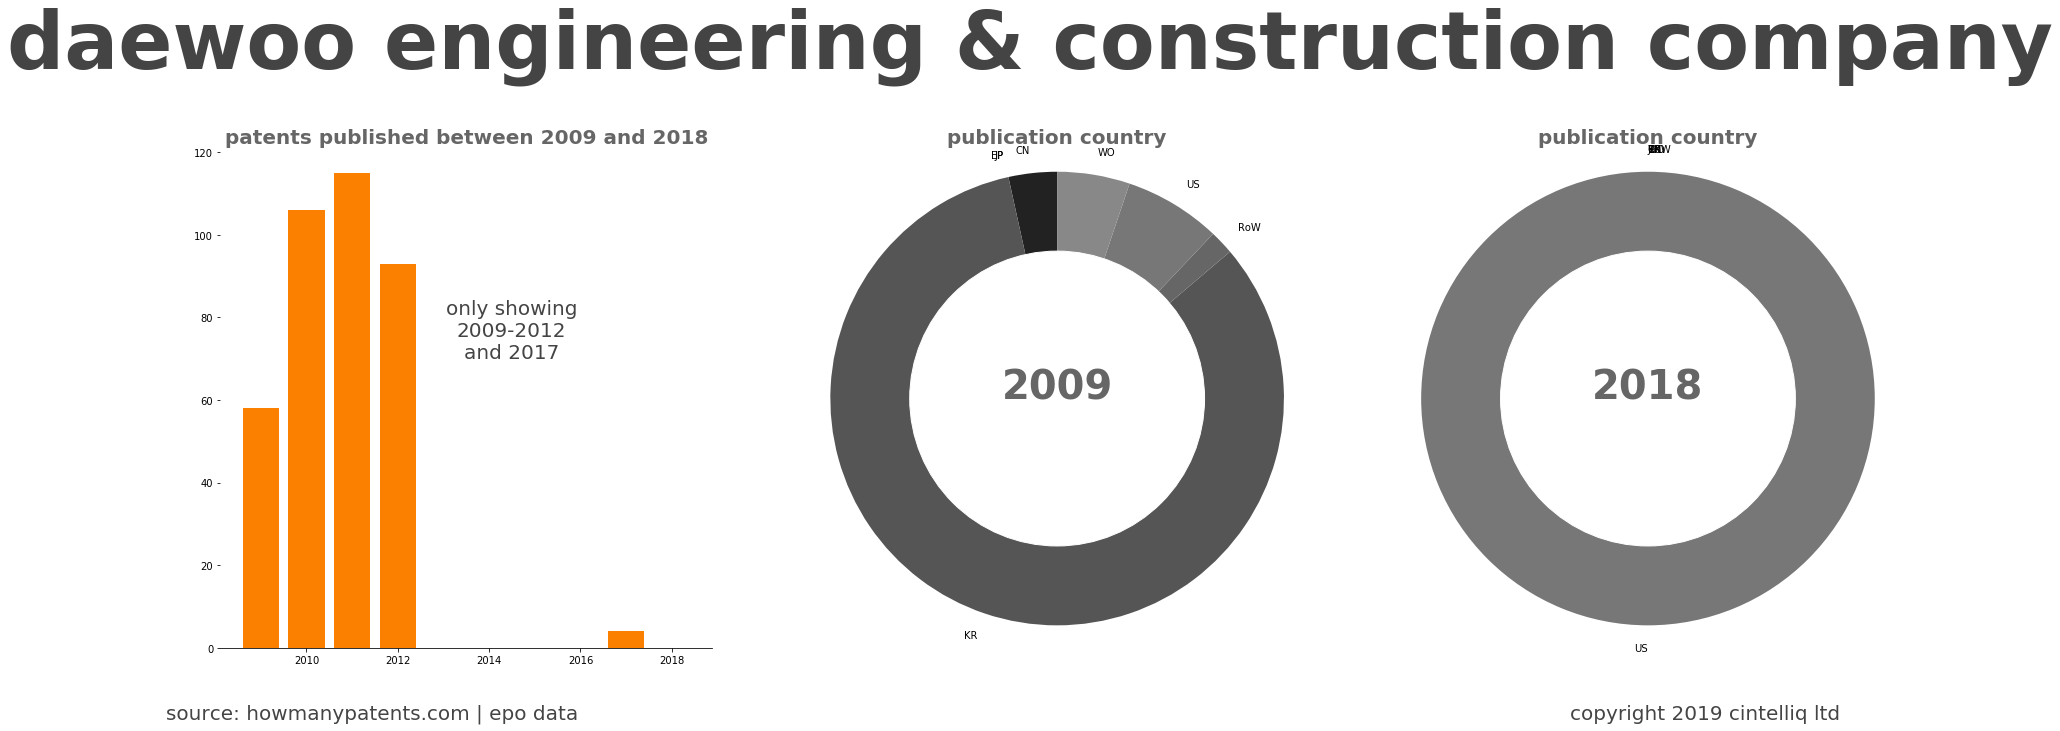 summary of patents for Daewoo Engineering & Construction Company
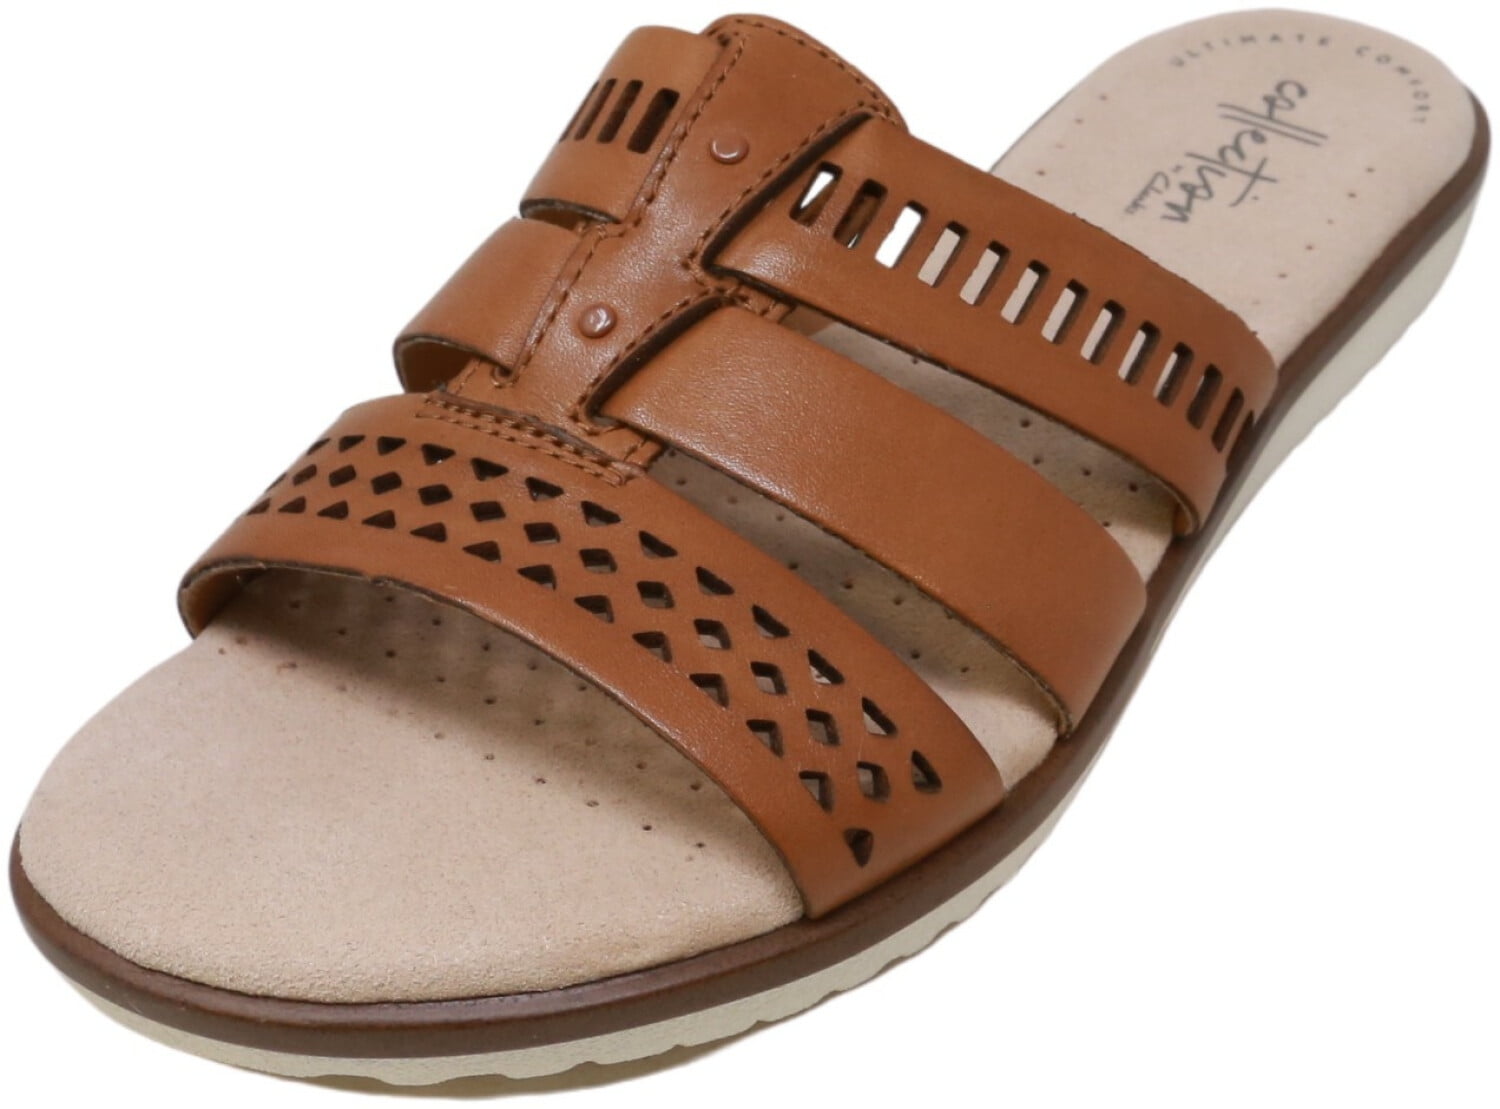 clarks sandals sears canada
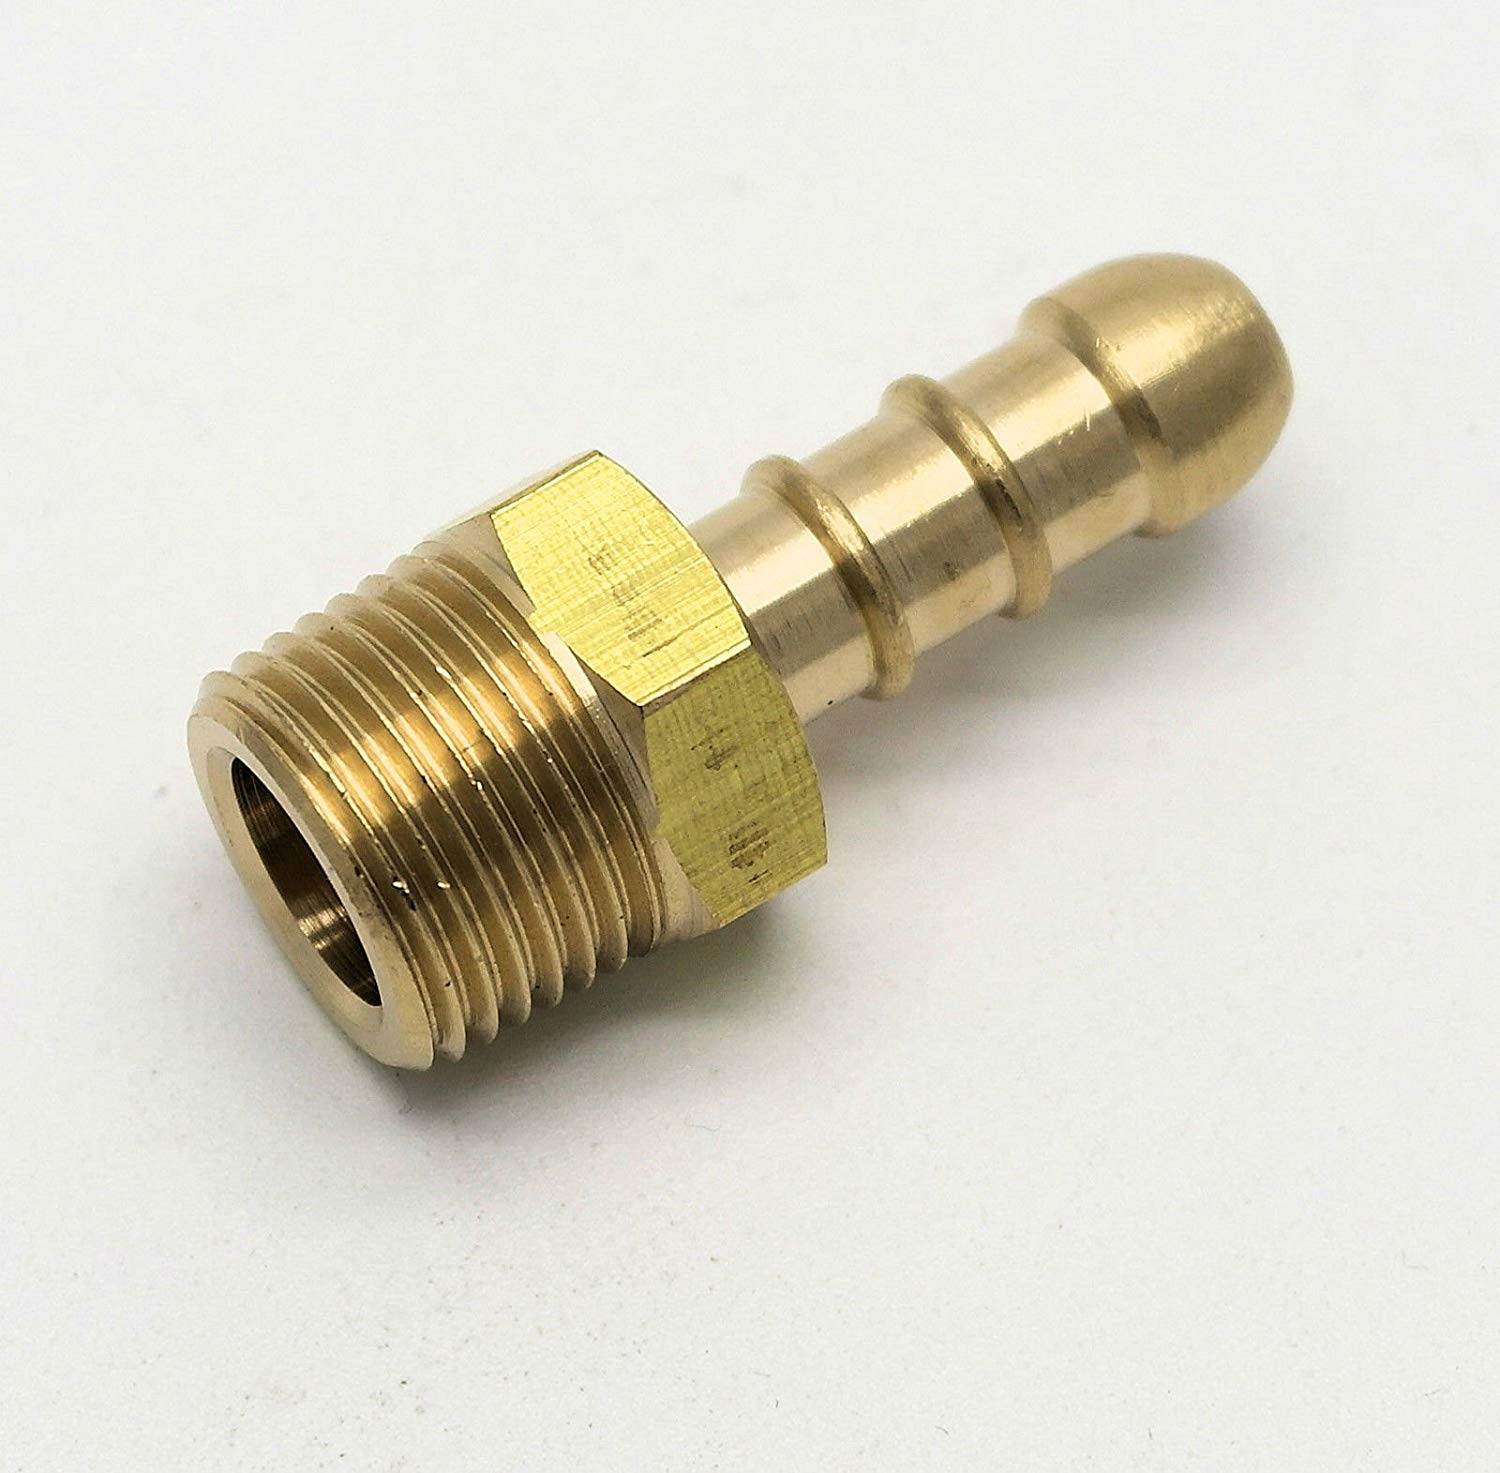 B2-00388 3/8 BSPT X 3/8 10 TAIL FULLHAM NOZZLE HOSE CONNECTOR

◆ ◆ ◆ ◆ ◆ ◆ ◆

#### [THE PROBLEM]
All of the data is to be transcribed exactly, with images omitted.

#### [RESULT]
 summary of patents for Daewoo Engineering & Construction Company
 clarks sandals sears canada
 B2-00388 3/8 BSPT X 3/8 10 TAIL FULLHAM NOZZLE HOSE CONNECTOR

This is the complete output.